L’importance des dégâts matériels reste bien entendu à évaluer, tout comme le temps nécessaire pour un retour à la normale. L’Arabie saoudite dispose de stocks, estimés en juin dernier à 188 millions de barils. Et le 17 septembre les autorités saoudiennes annonçaient un retour à des conditions de production normales pour la fin du mois.

Quel avenir pétrolier ?

Les déclarations rassurantes du ministre saoudien de l’énergie ont immédiatement provoqué un reflux des prix. À la clôture du 17 septembre, les marchés cotaient en moins de 65 dollars pour le baril de Brent, et moins de 60 dollars pour celui de brut américain (NTI). Au passage, cela relativise les déclarations catastrophistes des distributeurs de carburant en France qui avait évoqué des hausses de prix de 5 à 6 centimes d’euros à la pompe !

Les discours alarmistes sur les hausses de prix à la pompe doivent être relativisés. Bizi88/Shutterstock

Retour sur Terre donc, pour un marché pétrolier qui se retrouve confronté à la logique de ses fondamentaux : une situation excédentaire avec toutefois des perspectives plus éloignées d’un retour de l’Iran en tant qu’exportateur majeur, et puis inquiétudes plus vives quant aux fragilités saoudiennes.

Ceci milite pour le maintien d’une prime de risque pétrolière que les acteurs des marchés financiers (les gestionnaires de fonds) avaient manifestement sous-évalué ces derniers mois.
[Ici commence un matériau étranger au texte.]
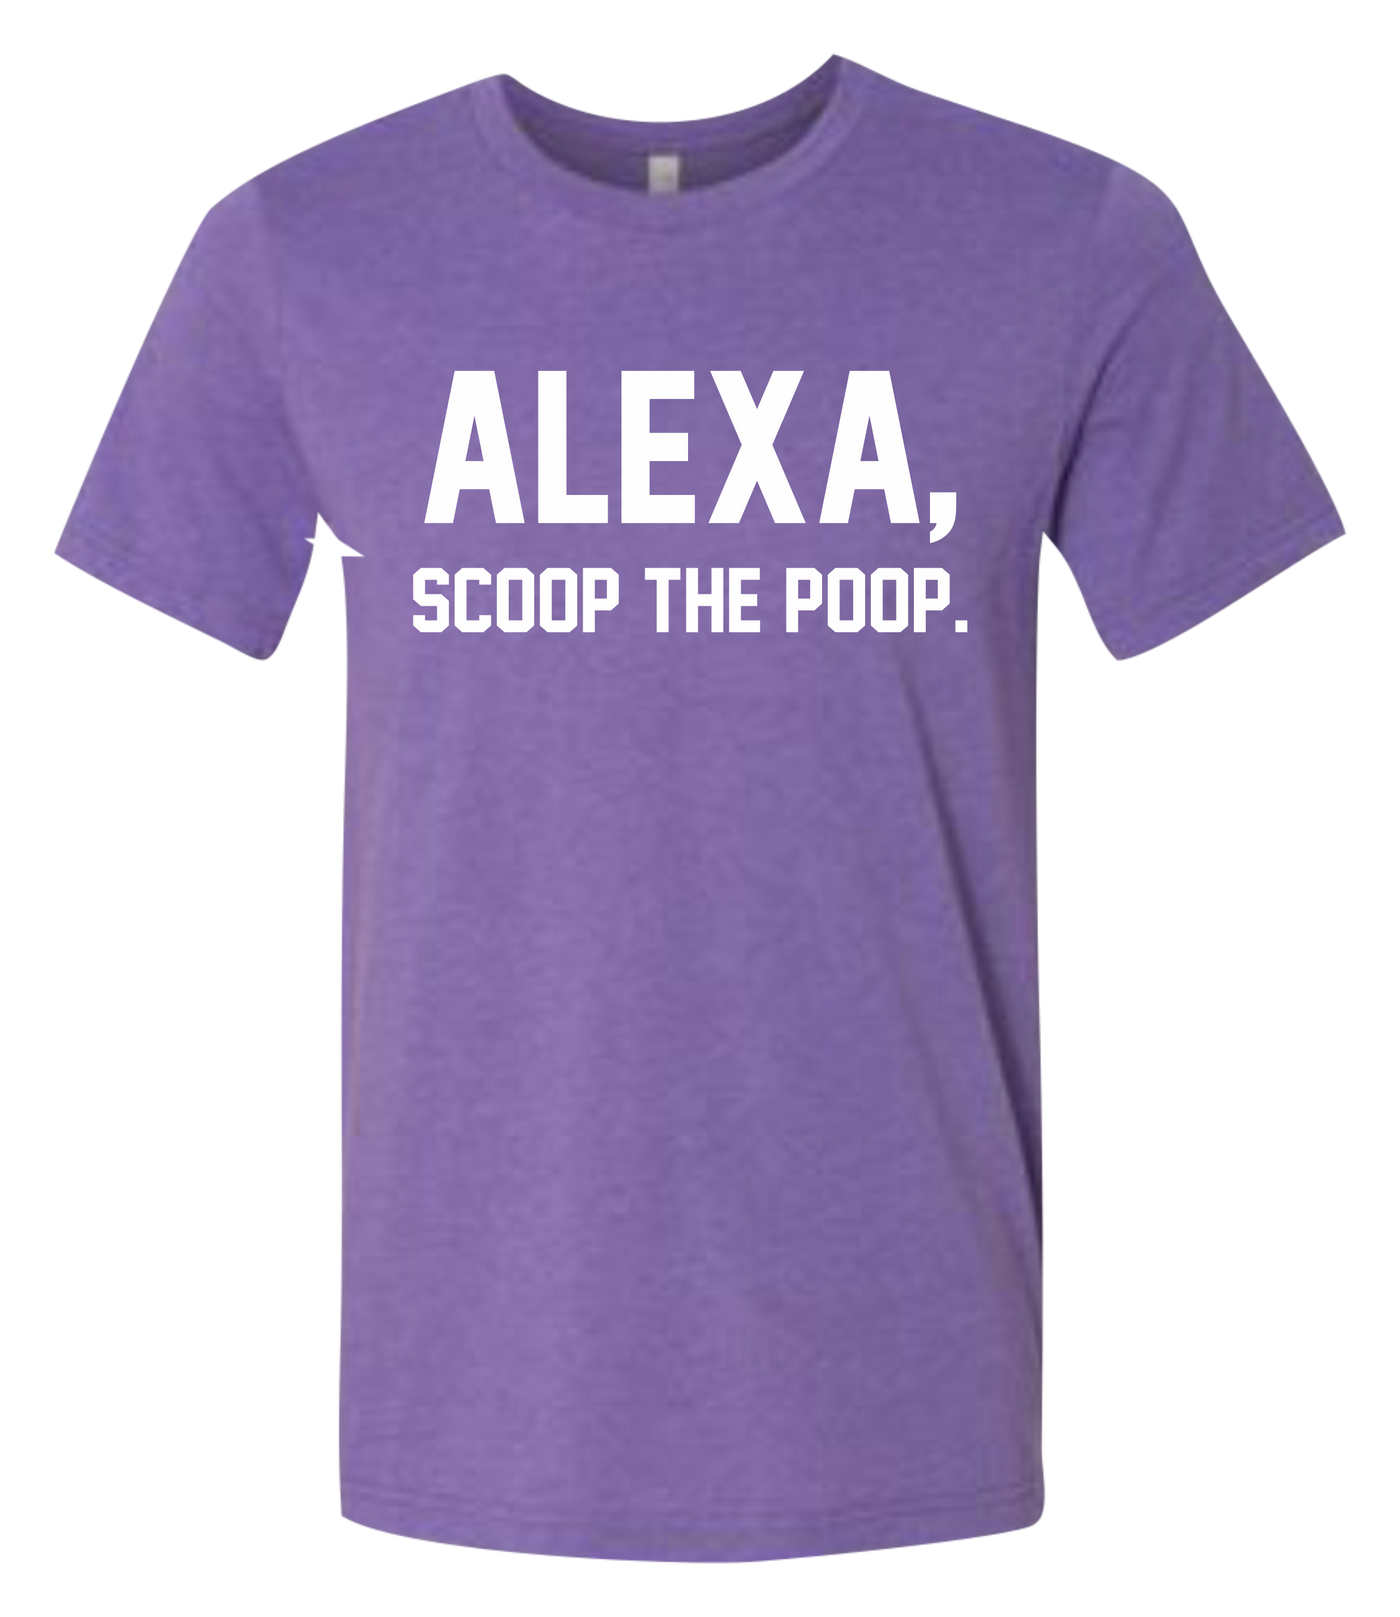 Alexa Request Short-Sleeve Graphic T-shirt

L’attention se porte désormais sur la reprise des négociations entre la Chine et les États-Unis début octobre. Une « paix des braves » serait un signal positif pour l’économie mondiale, et donc pour la demande de pétrole. Mais en tout état de cause, sauf nouvel incident majeur dans Golfe arabo-persique, et en tenant compte des excédents pétroliers ainsi que de la faiblesse des prix du gaz naturel, le baril de Brent devrait rester dans une fourchette de 60 à 65 dollars, une sorte d’équilibre qui convient à la plupart des acteurs, des États-Unis à la Russie.

Cette crise, brève, violente, qui sera probablement vite oubliée, illustre donc mieux que bien des discours la cruelle instabilité d’un marché dont de nombreux pays sont captifs, et pour lesquels l’or noir n’est qu’une éphémère illusion.